TARGET2 Again
March 10 2017
A few years back the then president of the Munich-based Ifo Institute made headlines when he referred to the German balance of the TARGET2-System as as a Euro-denominated Credit Card Gold for the suffering Eurozone periphery that helps them to finance their debts on the shoulders of Germany. The immediate result of this statement was an intense debate about the status of TARGET2, and what this is all about. There is no doubt that Sinn did a great job in turning attention to a system that until then was only known to true nerds. TARGET stands for Trans-European Automated Real-time Gross Settlement Express Transfer -System. TARGET2 is the updated version which came into being in May 2008. TARGET2 balances are the liabilities and claims of national central banks within the Eurozone against the European Central Bank that are the result of cross-border payments settled in central bank money. This payment system works in the following way, as the ECB explains: Let us assume that Bank A and Bank B both have accounts with a central bank. A payment in euro is to be made from Bank A in Eurozone country X to Bank B in Eurozone country Z as reflex of an underlying transaction. In this case, Bank A submits the payment instructions to TARGET2. Bank A’s account is debited, and Bank B’s account is credited – the payment is settled. TARGET2 transfers the payment information to Bank B. When a country’s banking sector receives a cross-border inflow of Euros, its claims incenses, respectively in case of net liabilities, its liabilities decrease. When a country’s banking sector experiences an outflow, then we see the opposite effect.
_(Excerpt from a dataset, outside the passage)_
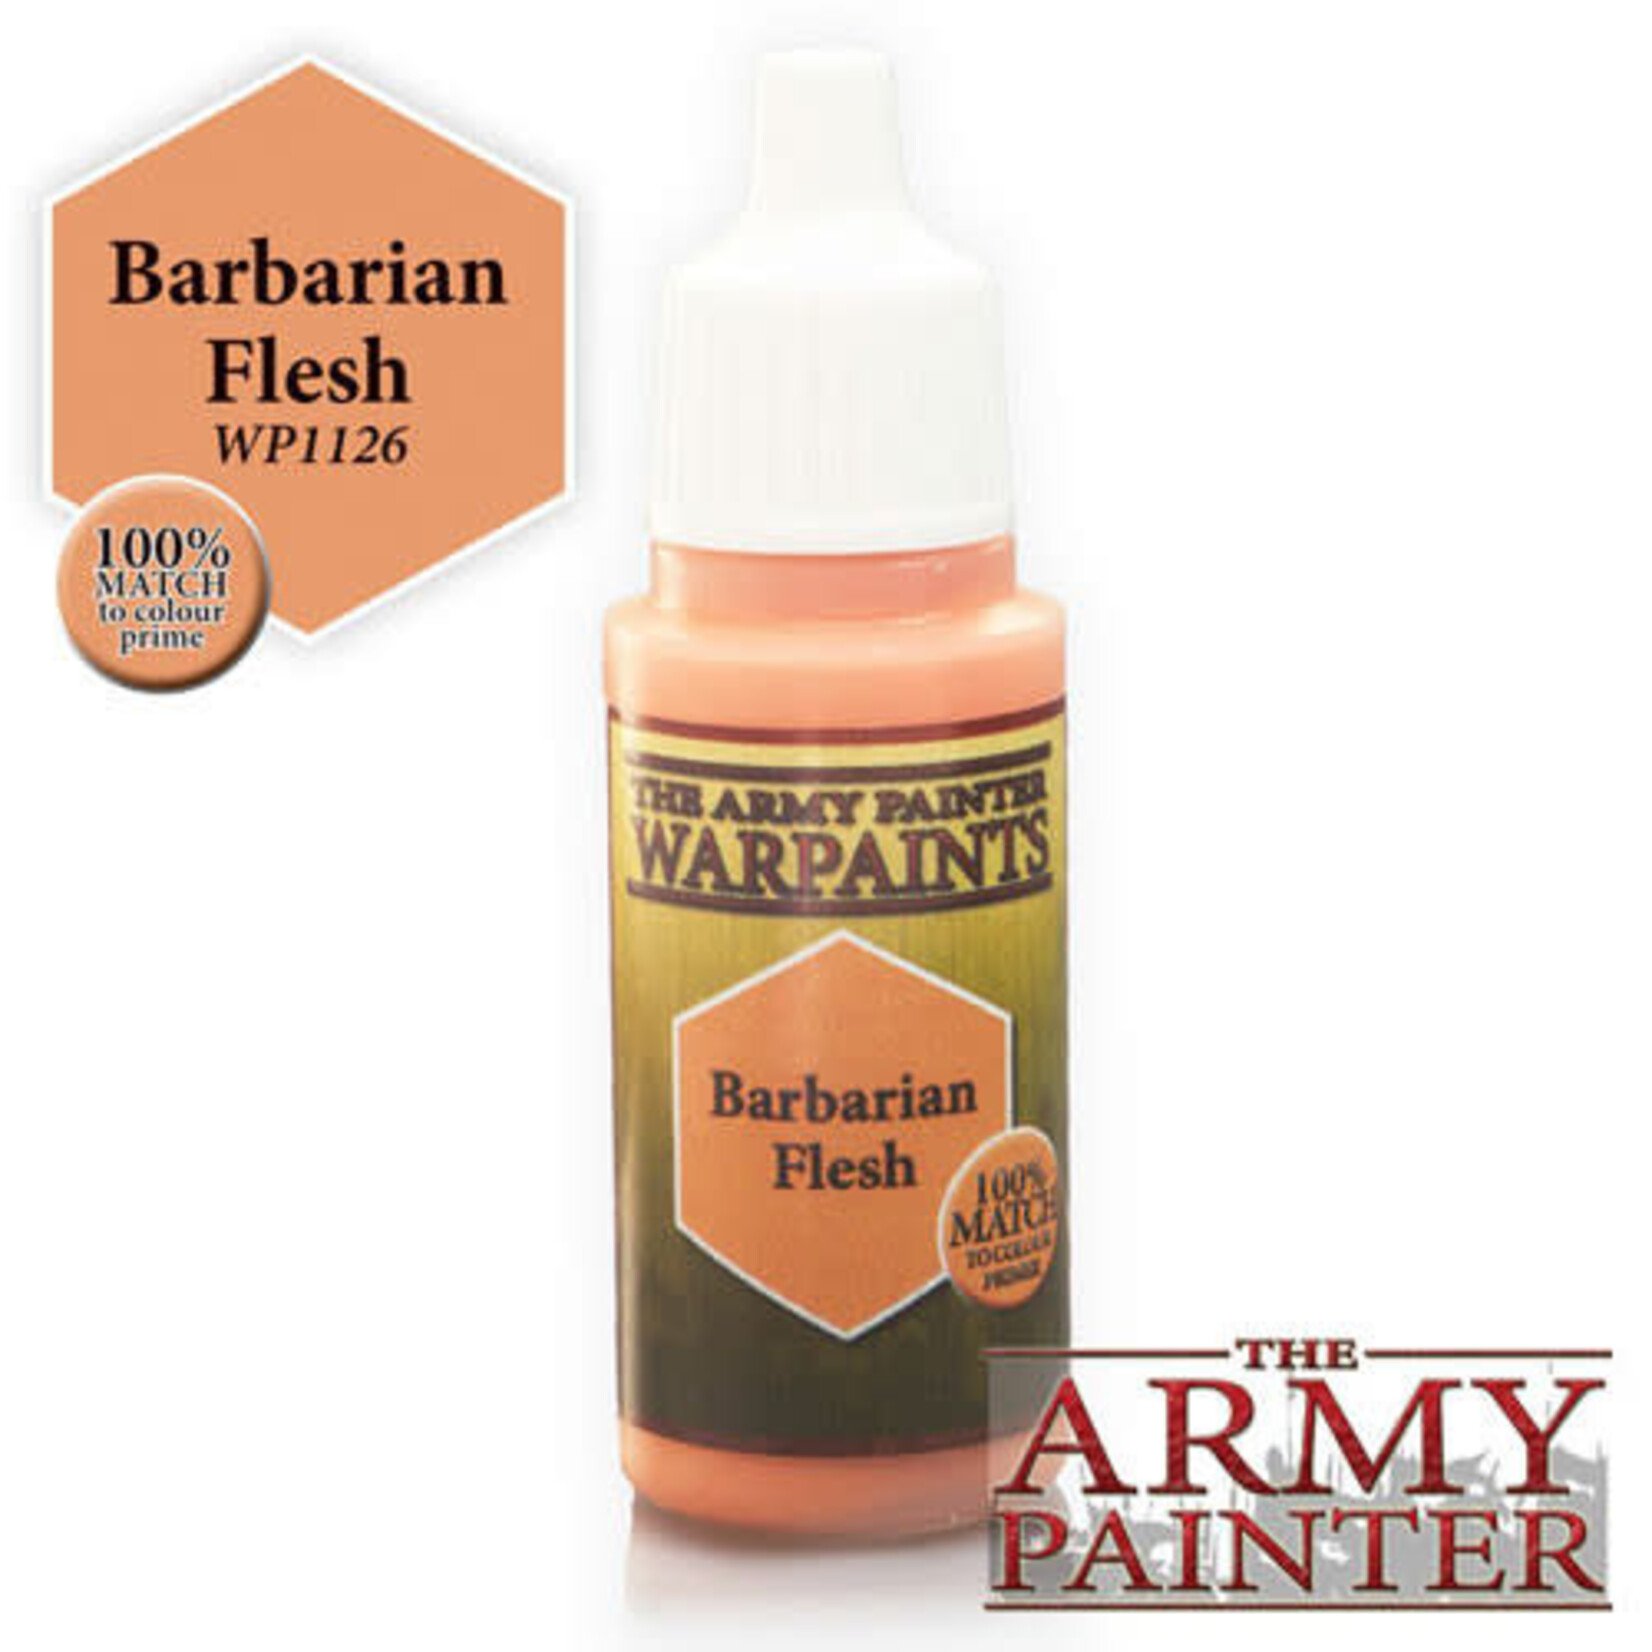 The Army Painter Warpaints: Barbarian Flesh 18ml

TARGET2 balances were small over a long period but polarized in the course of the sovereign debt crises of the Eurozone. Germany’s Bundesbank piled up more and mire claims, up to a maximum of Euro 715 bn in 2012. Only after Draghi’s ‘whatever it takes’-statement did those claims recede. The build-up of enormous claims by the German Bundesbank was to a strong degree due to the accelerating capital flight within the Eurozone where investors were in an urge to move capital from risky bank systems into safe haven banking systems, and for a number of years this was the German system. Only when Mario Draghi declared openly the ECB to be a lender of last resort, at any price or whatever it takes, did the risk level decrease and did significantly reduce intra-Eurozone capital flight . The result was a reduction of German claims. This has changed again. Since 2015 and in particular more recently German claims started to rise again, and reached a new height of Euro 815 bn early in 2017.

The question is, why? The successor of Sinn at the Ifo Institute, Clemens Fuest, claims to know the answer by stating that we are back in the intra-Eurozone capital flight mode. The Bundesbank, the ECB and also the Bank of International Settlement defy such an argument and explain the rise as a technicality that is caused by the APP (Asset Purchase Program) of the ECB. Indeed, the way the APP is working, namely through national central banks, speaks for the latter interpretation. This does not mean that intra-Eurozone capital flight is off the table. Given the slight improvement in economic data and the statement of Draghi that the deflation ghost has been successfully defeated one would expect that slowly the rise of German claims slows and turns around. But then, there are critical elections looming, and depending from the outcomes we may quickly see a return of capital flight, this time then not to Germany but to the outside of the Eurozone. DSo, much to watch out for.